Отчего так бьётся эта грудь?

В этот миг душа его желала бы

          Невозвратное вернуть.


Всё, чем жил с тревогой, с наслаждением,

Всё, на что надеялась любовь,

Проскользнуло быстрым сновидением,

          Никогда не вспыхнет вновь.


Всё, на чём печать непоправимого,

Белый лебедь в этой песне слил,

Точно он у озера родимого

          О прощении молил».


Молодости трудно понять состояние расстающегося с жизнью. Видимо, поэтому стихотворение о прощальной лебединой песне молодому гимназисту не понравилось.

Два Владимира – Гзовский и Маяковский – были тогда начинающими пропагандистами. Один из организаторов кружков для рабочих Аркадий Александрович Самойлов, редактировавший нелегальную газету московских эсдеков, писал:

«Нами был организован кружок по изучению политической экономии. Руководителем кружка был пропагандист товарищ Владимир (Гзовский). Занятия кружка проходили в помещении детского сада Альтгаузен у Красных ворот…

Однажды на занятия кружка товарищ Владимир привёл с собой молодого человека высокого роста, широкоплечего, в серой гимназической шинели, в лохматой чёрной шапке. Его он рекомендовал нам как хорошего пропагандиста, который и будет вести наш кружок по политической экономии дальше.

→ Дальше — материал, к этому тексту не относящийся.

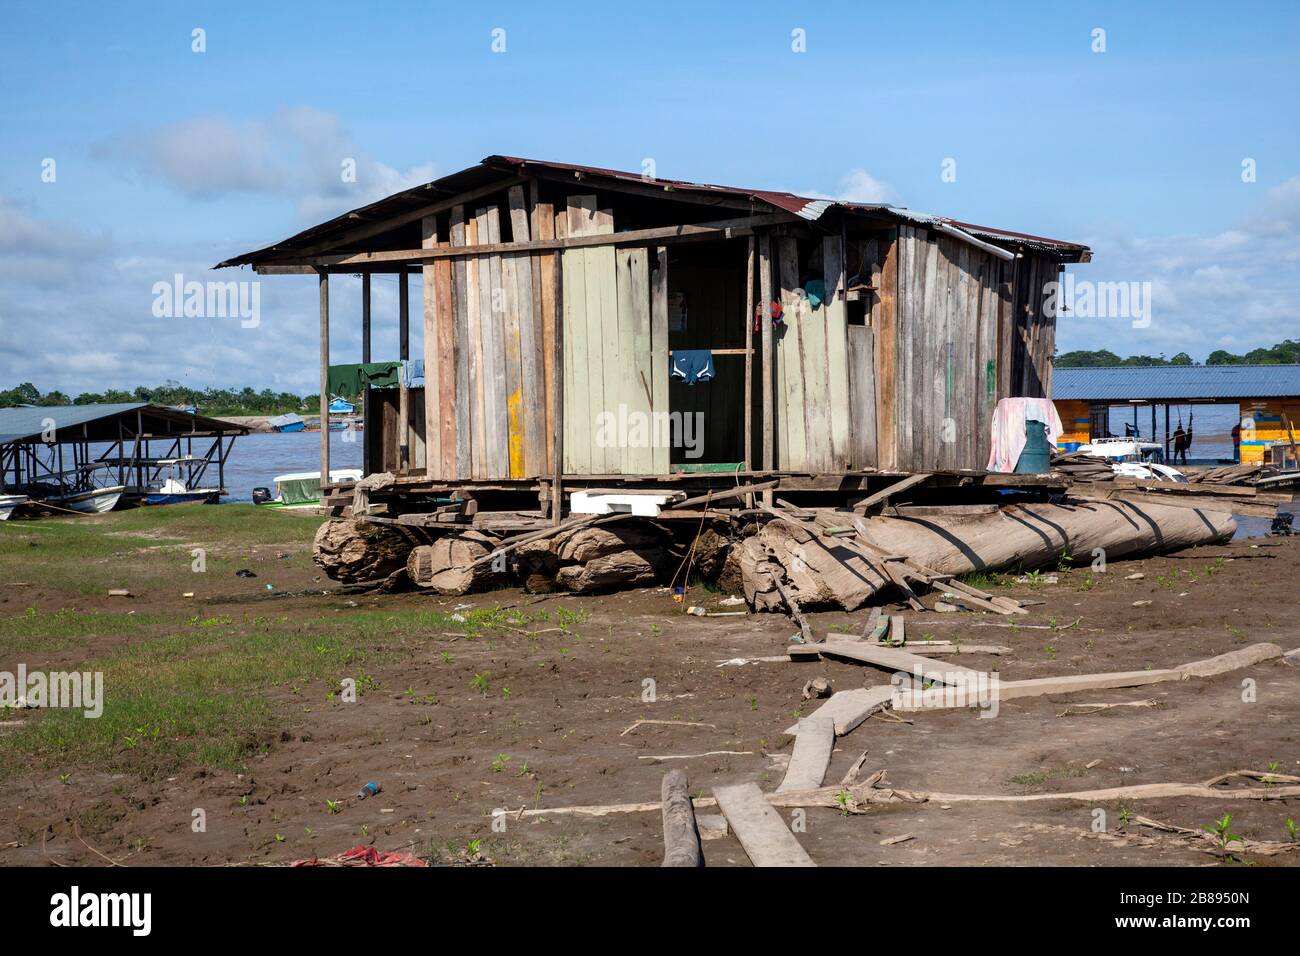 Schwimmendes Haus, Heim, Hausboot, am Fluss Amazon, Kolumbien, Südamerika  Stockfotografie - Alamy

Партийная кличка нового пропагандиста была "товарищ Константин". Он приступил к проведению занятия. Все слушали его внимательно, но чувствовалось, что слушатели оставались чем-то недовольны. По дороге домой после кружка я сказал товарищу Константину, что в нашем кружке нужно говорить гораздо проще, чем говорил он, и что слушатели кружка не совсем разобрались в том, что он им рассказал, не всё дошло до их сознания».

Эти слова можно, пожалуй, считать одним из первых свидетельств того, что Маяковский («товарищ Константин») был кому-то непонятен. В последующие годы подобные упрёки ему предстояло слышать всё чаще и чаще.

Но вернёмся к воспоминаниям Самойлова:

«Товарищ Константин обещал к следующему разу подготовиться и провести занятие более популярно.

И действительно, на следующем занятии кружка он уже вполне удовлетворил слушателей: говорил он с огоньком, но просто и понятно для слушателей, которые оживленно обсуждали тему, задавали вопросы и так далее. Холодок, появившийся между руководителем и слушателями, пропал бесследно.